** Opening Source material block **

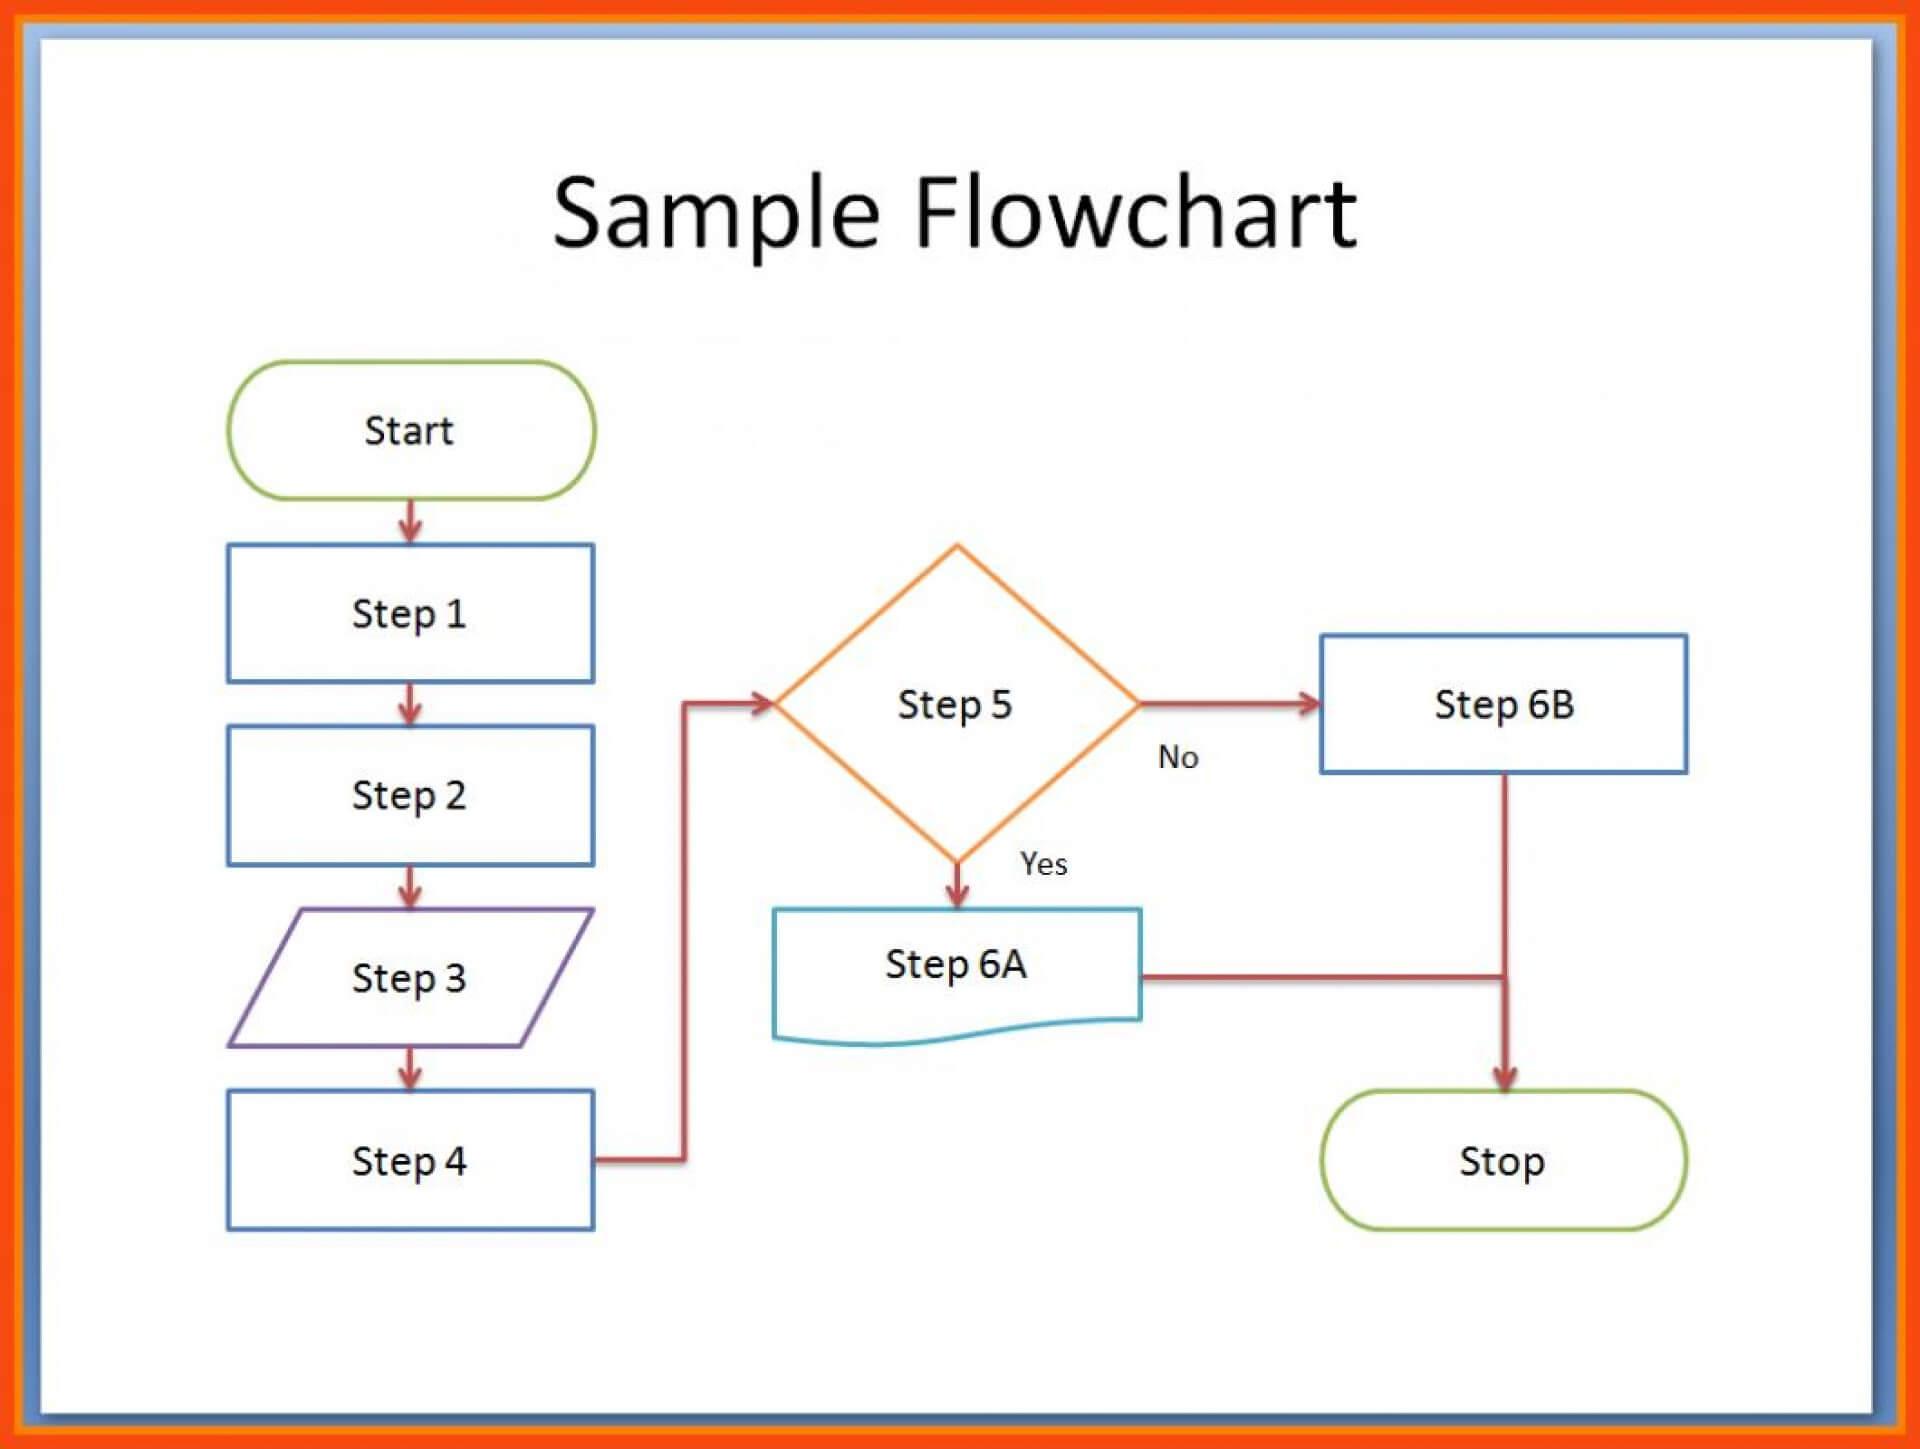 Flow Chart Template Word 2010 - Bobi.karikaturize With Regard To Microsoft Word Flowchart Template
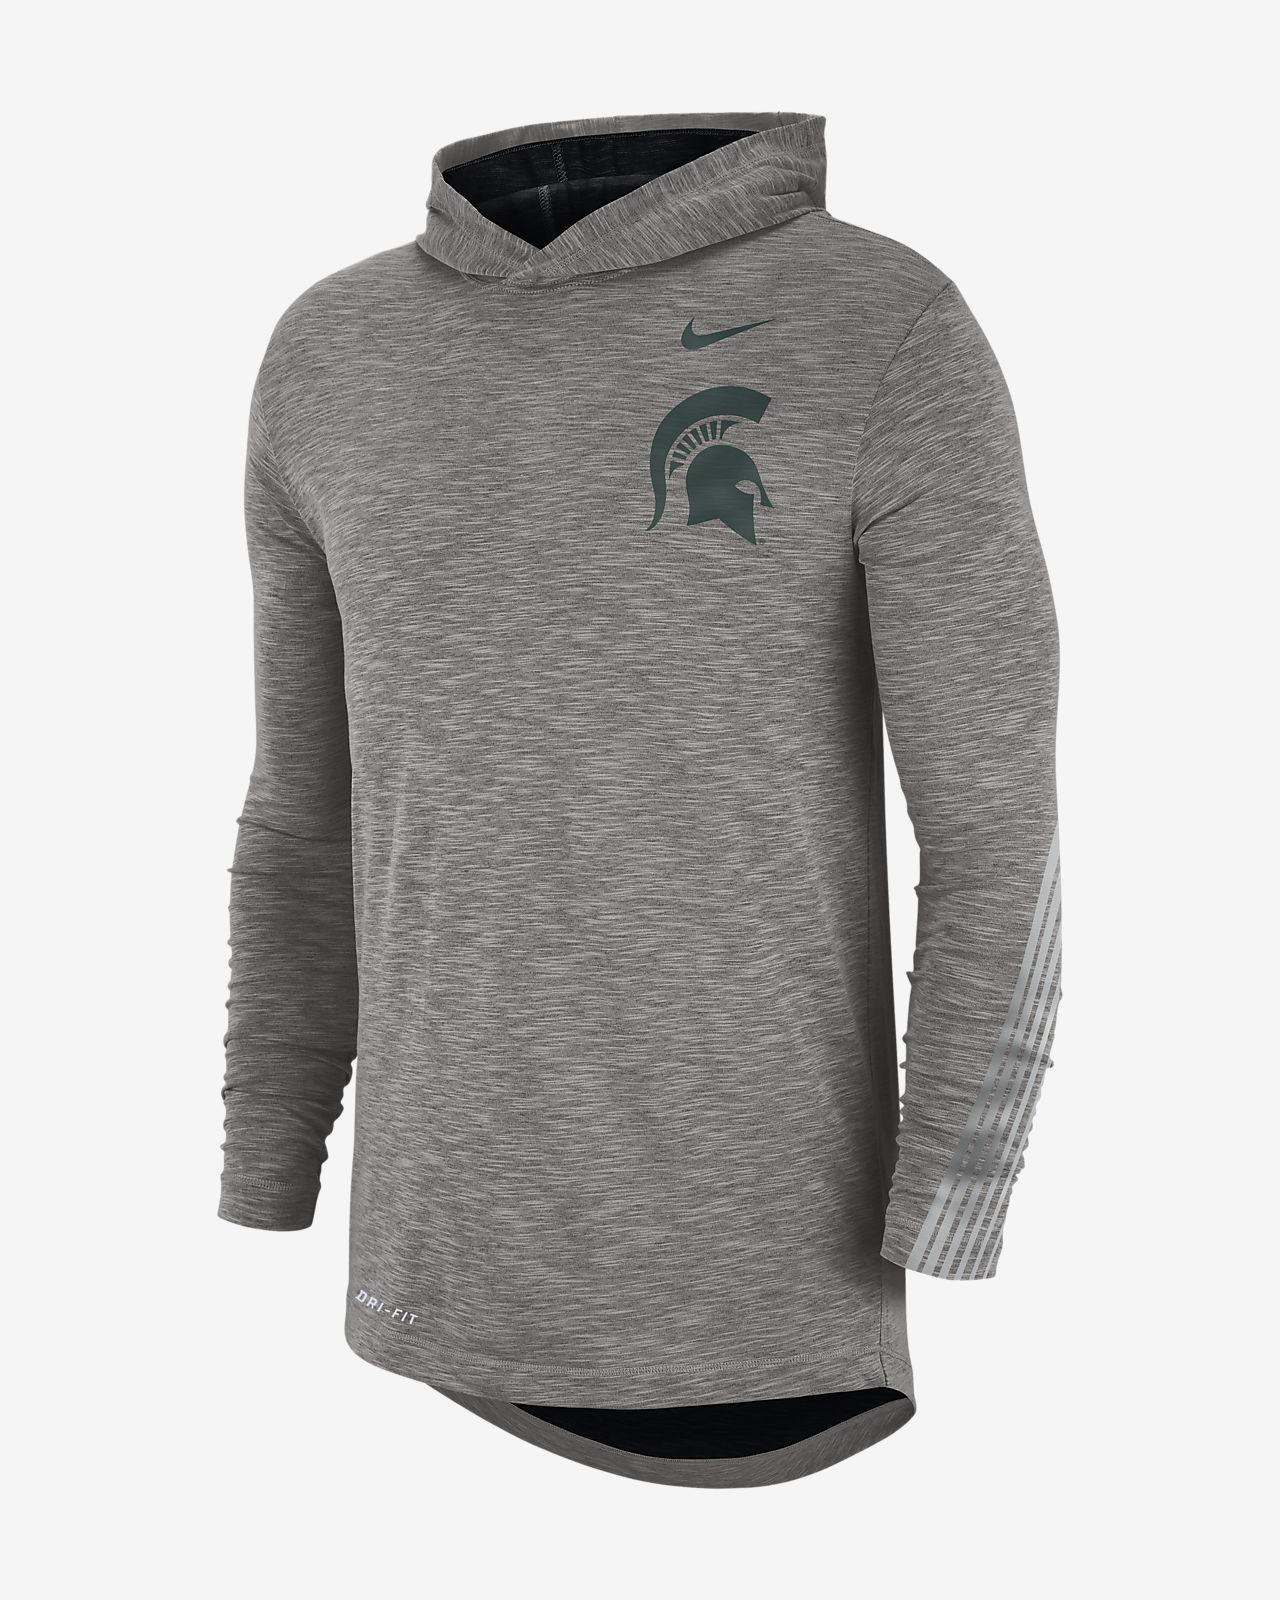 Nike College (Michigan State) Men's Long-Sleeve Hooded T-Shirt
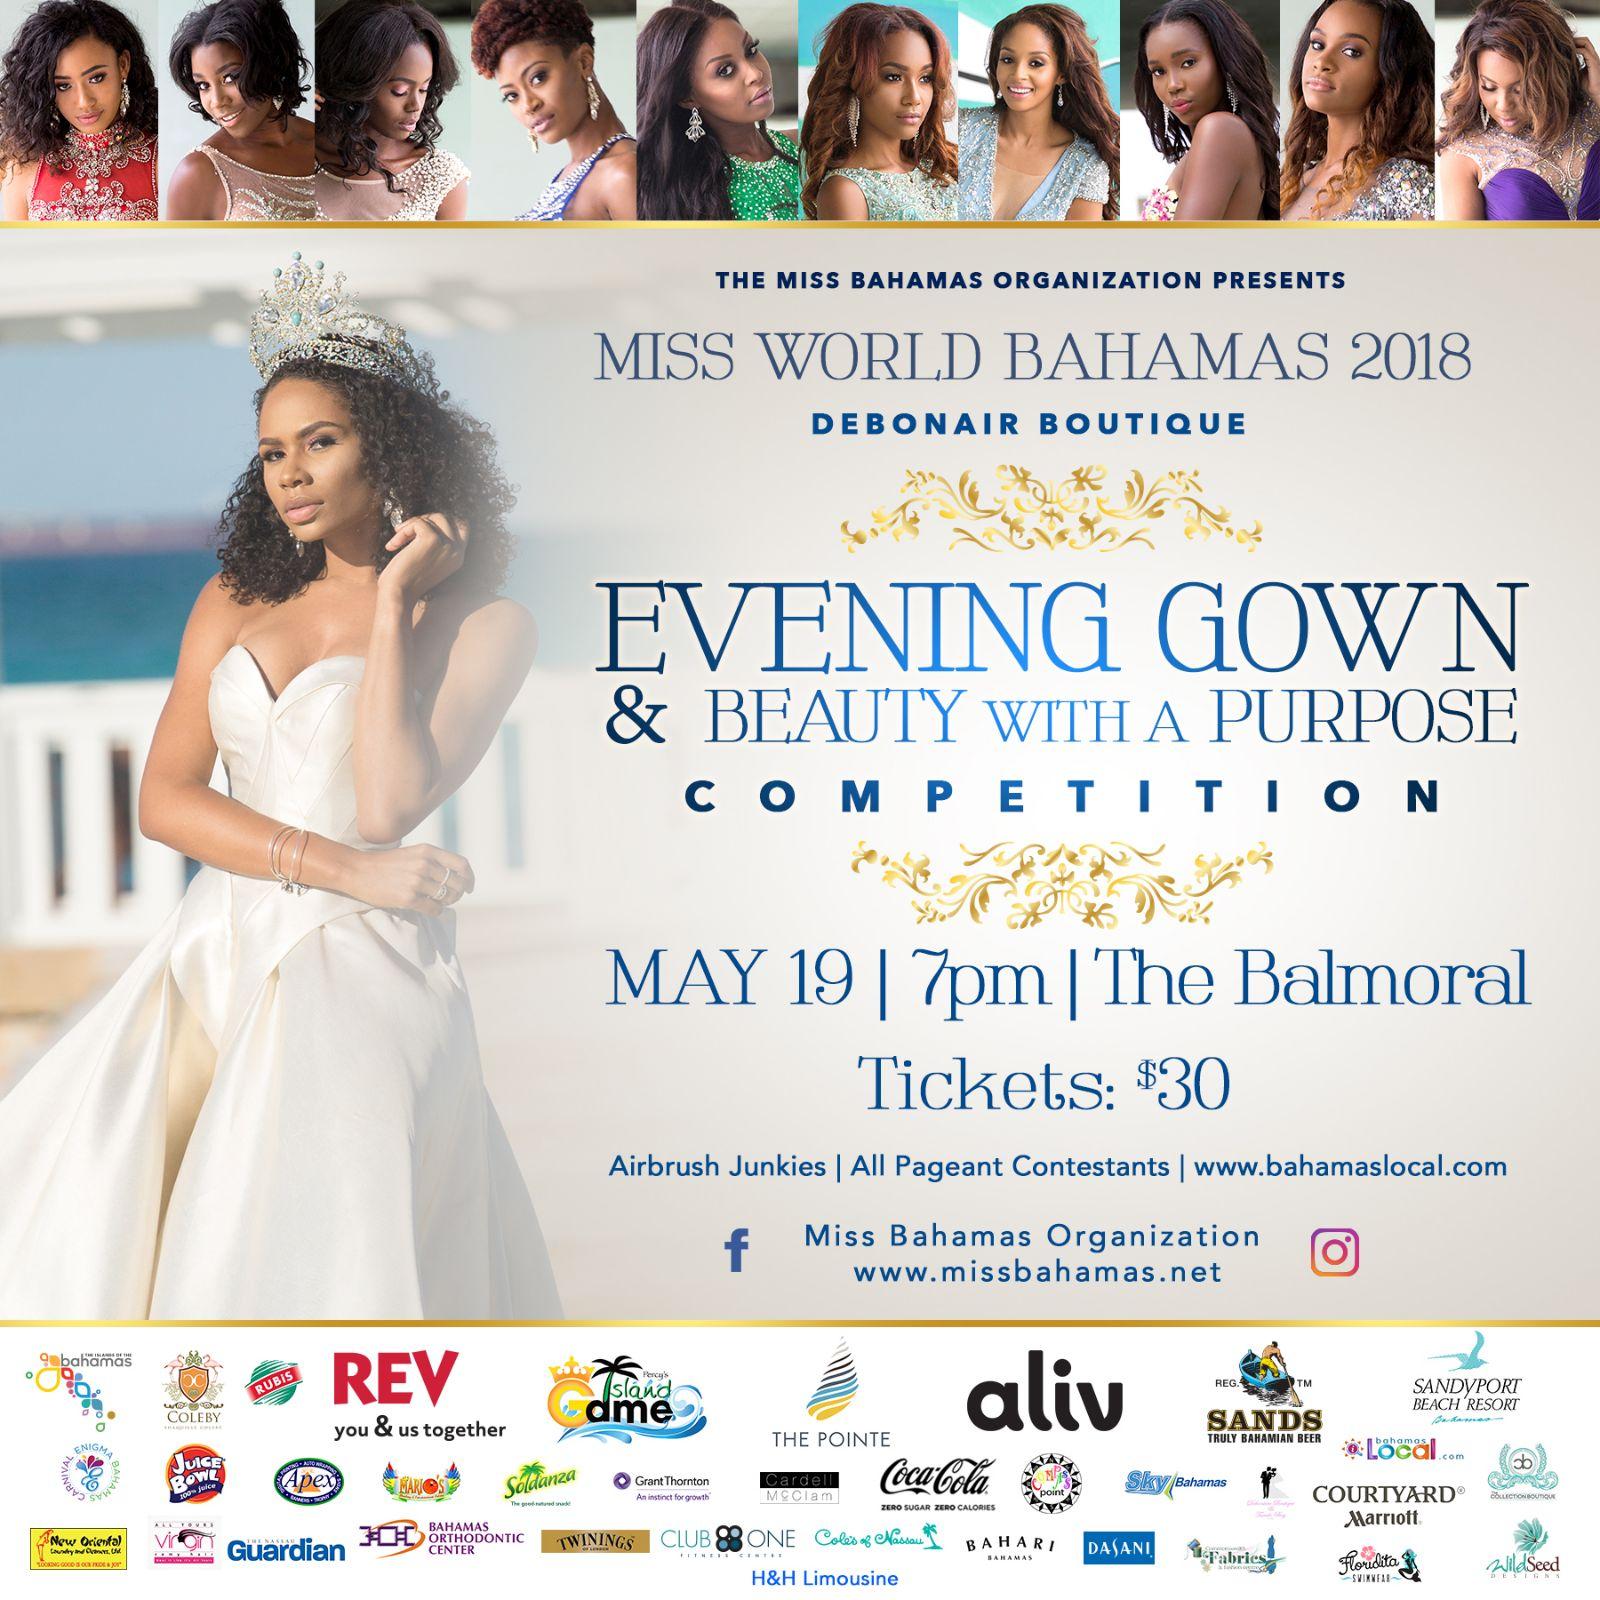 Evening Gown flyer.jpg

** Closing Source material block **

Task instructions ::
Retype exactly the lines above, starting at the line containing "Nike College (Michigan" and ending with the last line, both included; leave out the pictures.

Written response ::
 Nike College (Michigan State) Men's Long-Sleeve Hooded T-Shirt
 Evening Gown flyer.jpg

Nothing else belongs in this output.